Covered in Holy Oil

Paul Meyendorff, The Anointing of the Sick (Crestwood, NY: St Vladimir’s Seminary Press, 2009).

Holy UnctionEvery year during the feast of Epiphany (January 6) hundreds of old women line up outside the cathedral near my old apartment in Romania to receive holy water that the priests have blessed specially for the occasion. It always seemed ironic that whenever the priests were giving out holy water there was an ambulance parked outside the church in case someone tripped and fell on the icy steps. If the holy water really worked, no-0ne would need the ambulance; a drop of water and the old women would be dancing on the ice again. Not according to Paul Meyendorff, professor of Liturgical Theology at St. Vladimir’s Orthodox Seminary. In fact, ambulances play a crucial role in Meyendorff’s presentation of Christian medicine.

In this delightful little book Meyendorff explains the service of anointing the sick for the lay reader. Properly done, the service requires seven priests and lasts for several hours. In Meyendorff’s view, this reflects how seriously the church should take illness – a 2 minute prayer isn’t enough; to seriously care for someone it takes a crowd of people dedicating hours of their lives to the person in need. In the thirteenth century it used to take up to a week and in the Slavic churches it became effectively the “last rites” or “extreme unction,” administered only on someone’s deathbed. Most Orthodox only experience this rite on the Wednesday of Holy Week, when they use it as a substitute for confession and as a preparation for Good Friday. Because of the grace and healing promised in the liturgy, it is by far the most popular service of the week. The Anointing of the Sick (2009) offers a running commentary on the service, which is reproduced in full in two appendices.

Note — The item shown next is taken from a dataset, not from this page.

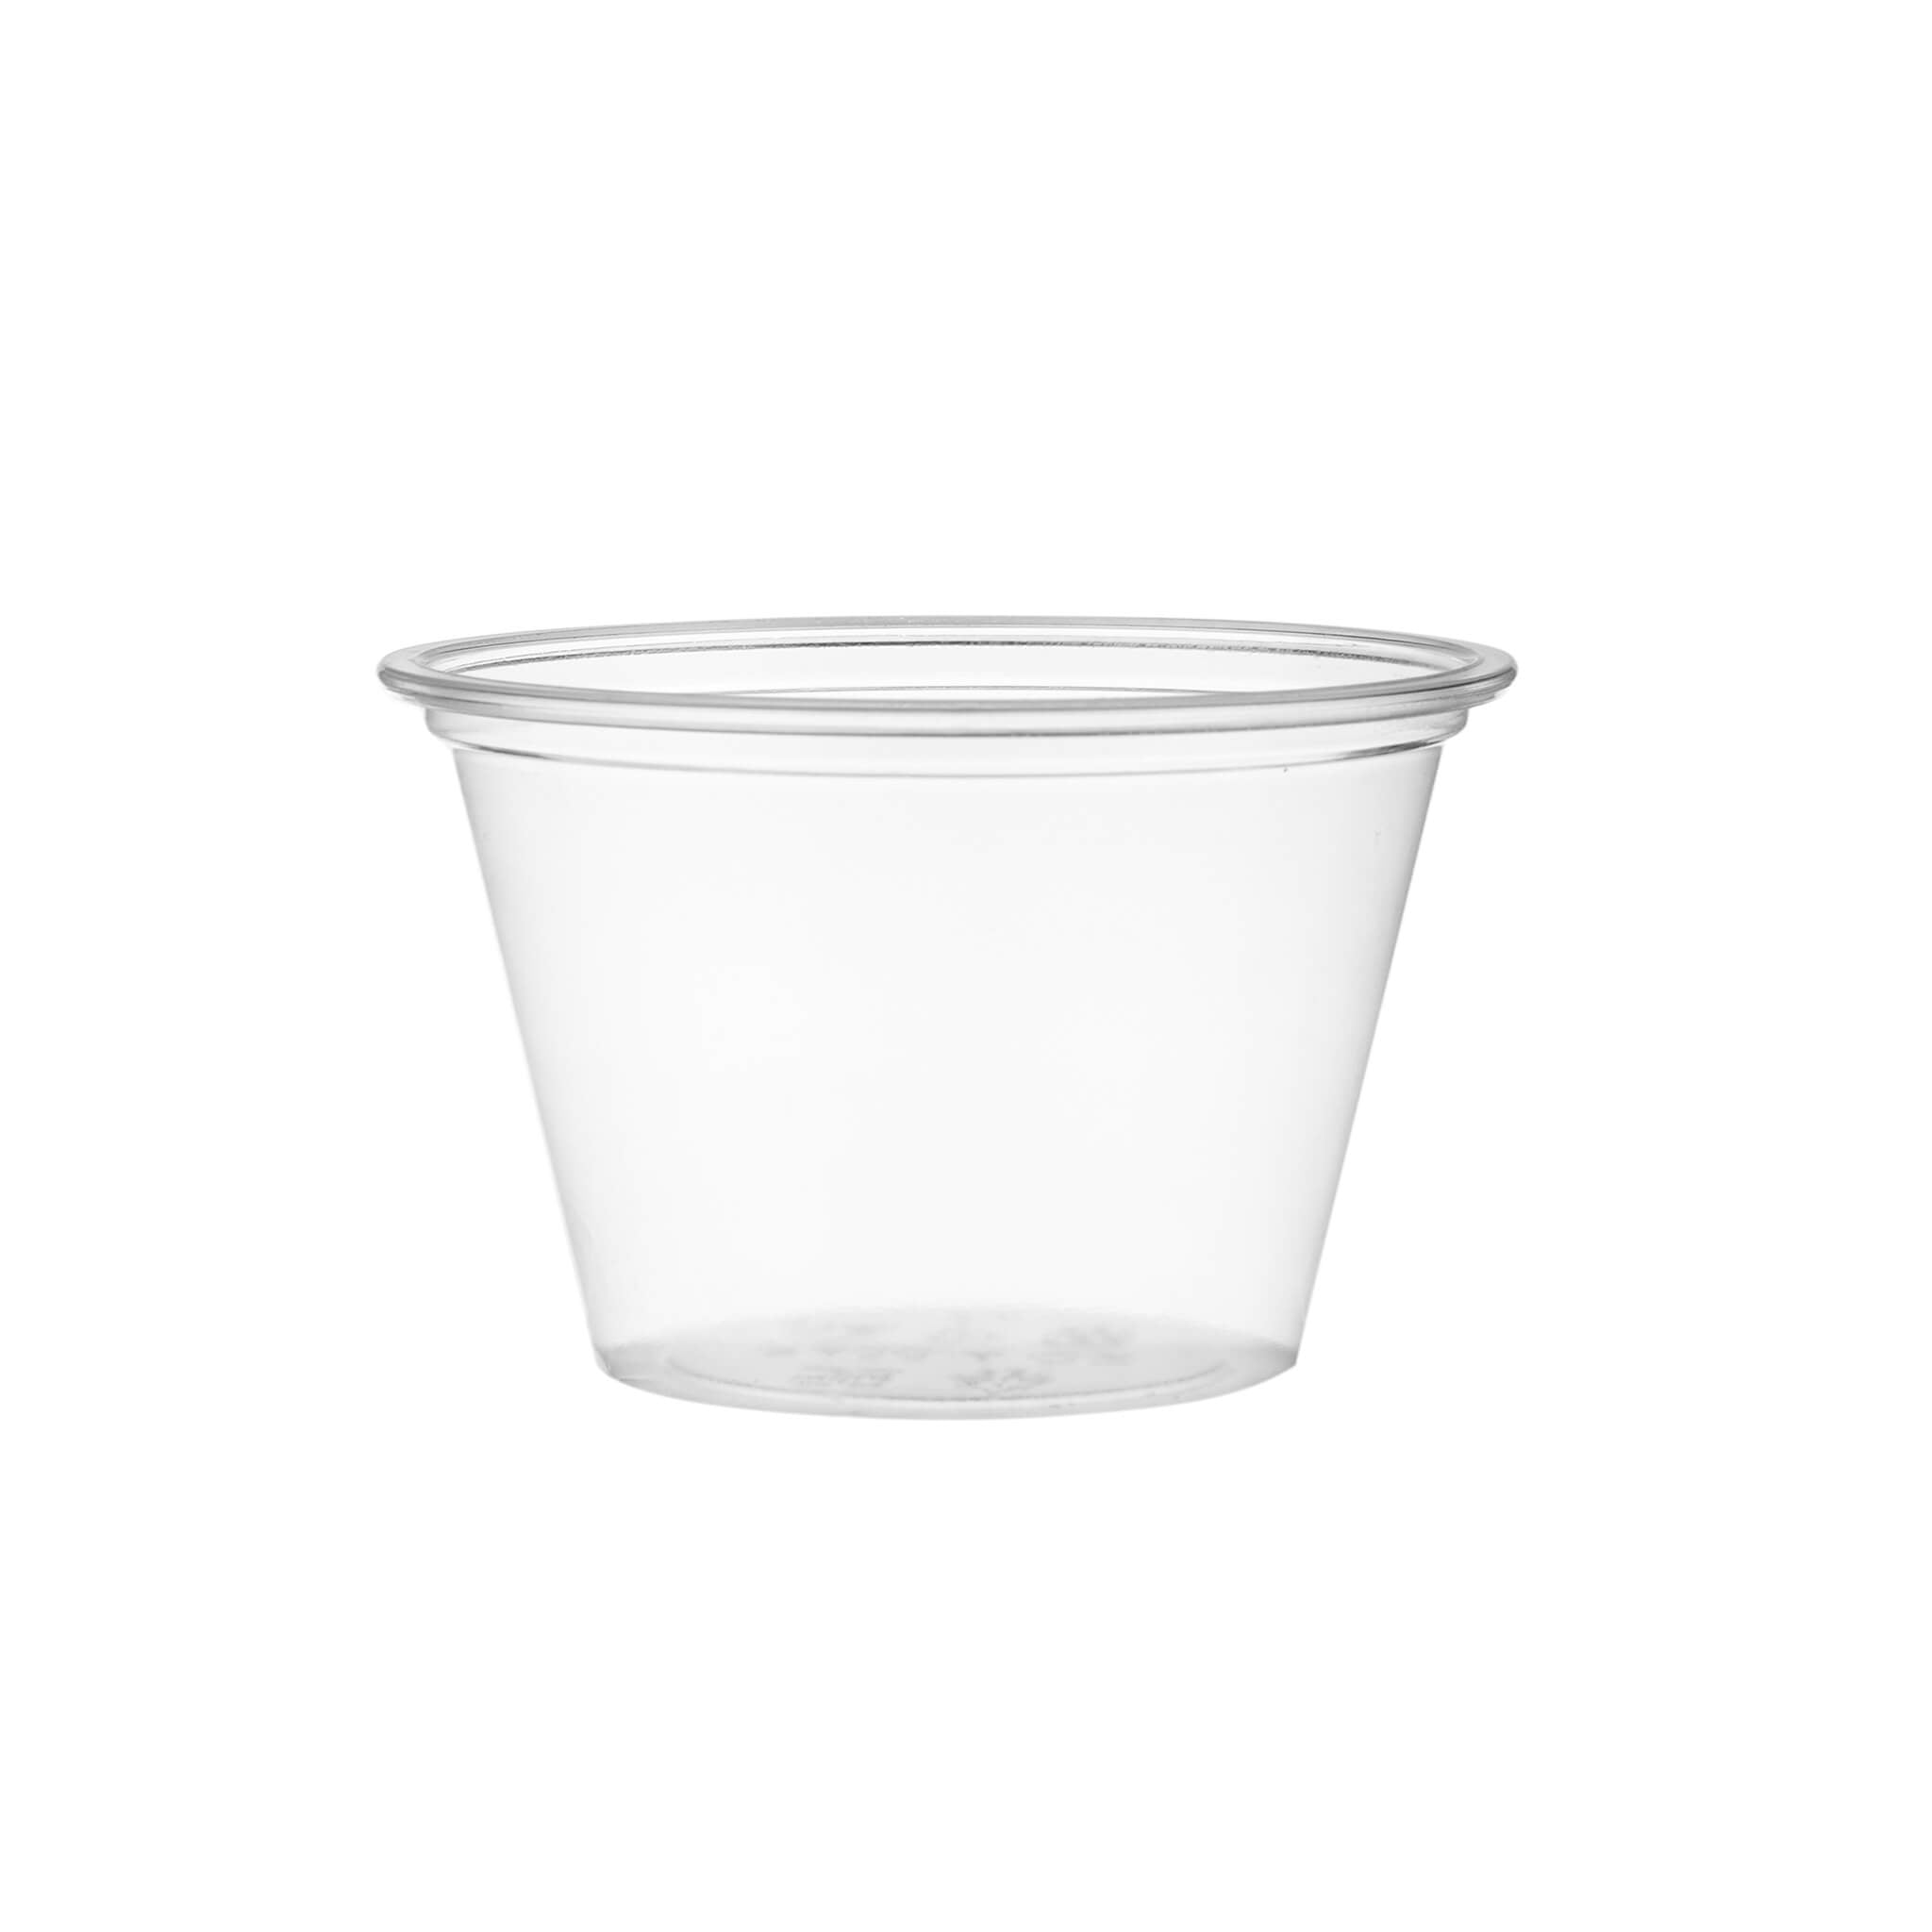 4 Oz clear portion cup for condiments and sauces - Hotpack Global

St PanteleimonMeyendorff notes that anointing with oil was a common practice among Jewish and pagan physicians in the ancient world. He comments, “thus the Christian practice of using oil was nothing new, simply the Christianization of elements from the cultures in which they lived. This should hardly surprise us, since all the sacraments take as their starting point elements and actions from daily life – washing, eating, drinking, the laying on of hands. … What makes them Christian is their integration with prayer and thanksgiving, their inclusion in the life of the Church and of each of her members.” What a radical way of looking at everyday life! Tiny, mundane activities that we do repeatedly each day can become avenues of grace and blessing if only we approach them as opportunities for giving and receiving the Spirit of God.

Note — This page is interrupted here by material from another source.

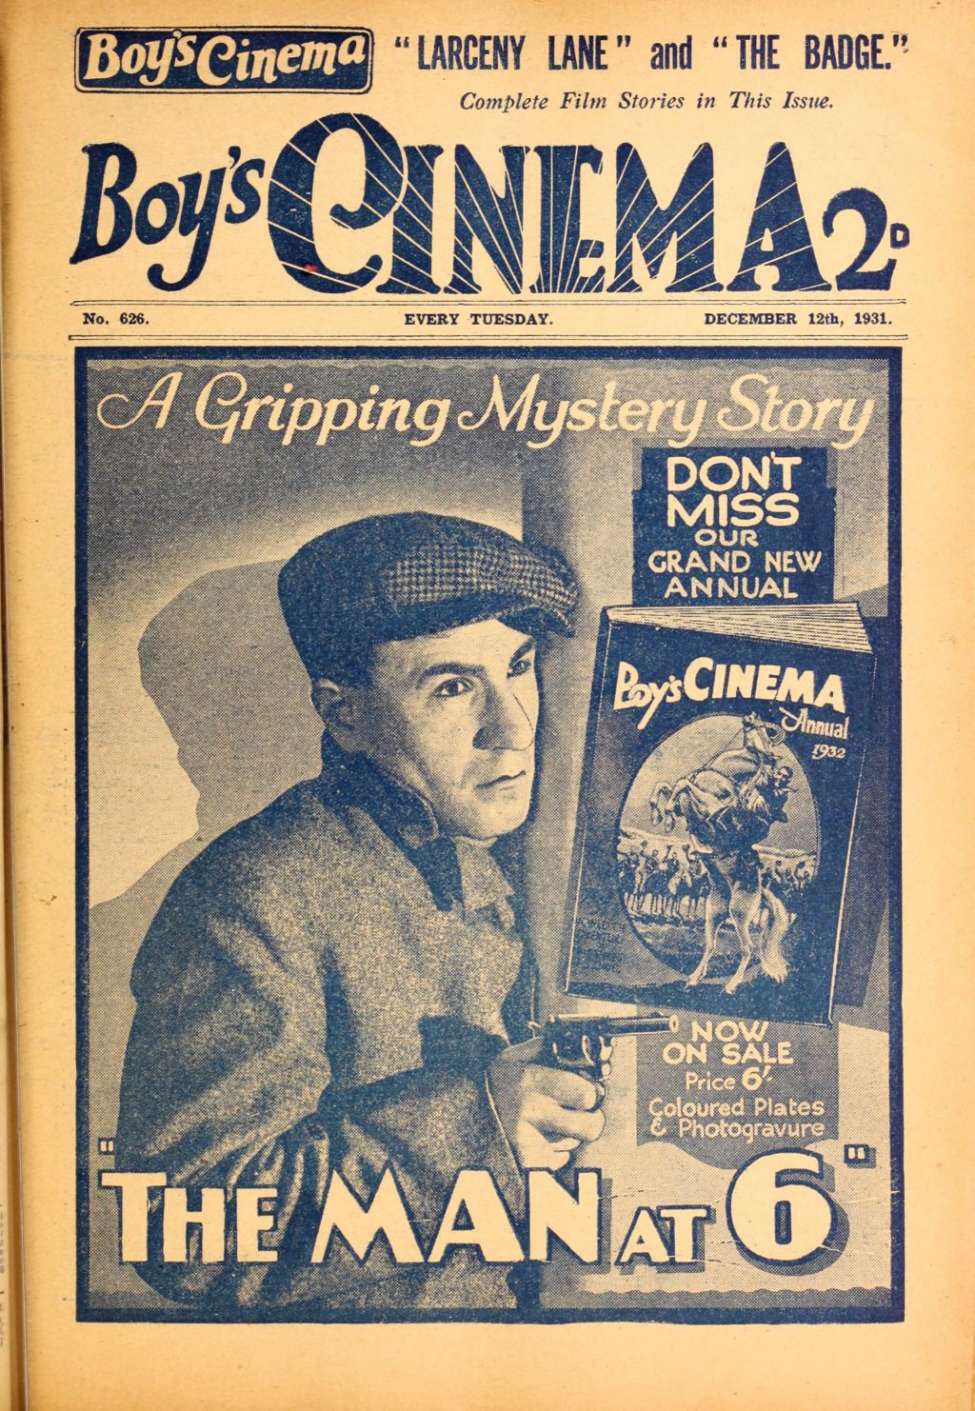 Comic Book Cover For Boy's Cinema 626 - The Man at 6 - Gerald Rawlinson

True to his Russian emigre heritage, Meyendorff uses a sensitive reading of Leo Tolstoy’s The Death of Ivan Ilych (1886) to show how sickness and suffering are spiritual problems: “The doctor said that his physical suffering was terrible, and that was true; but more terrible than his physical suffering was his moral suffering, and in this lay his chief agony.” Suffering cuts us off from the world of the healthy, it alienates the sick person, makes them feel dependent on others and guilty about being ill, and slowly coaxes them into sin. Forgiveness is a central theme of the service because it reincorporates the sick person back into the church body and overcomes the sin which brought sickness and death into the cosmos to begin with. In this sense, the healing service recapitulates the central message of the gospel which resounds at the end of Holy Week: “Christ is risen from the dead, trampling down death by death, and upon those in the tombs bestowing life.”

Whether someone is physically healed obviously matters to the sick person, but Meyendorff considers it a relatively minor detail. Hospitals are for dealing with the physical aspects of disease, he argues, but only the Church can holistically both the spiritual and physical aspects of illness. Affirming to someone that they are loved and accepted by those around them, by their Church and by their God is a crucial aspect of any healing process, Meyendorff says, and this is why he believes that anointing the sick is such an important element of pastoral care and should be done far more often than is common practice in most Orthodox parishes.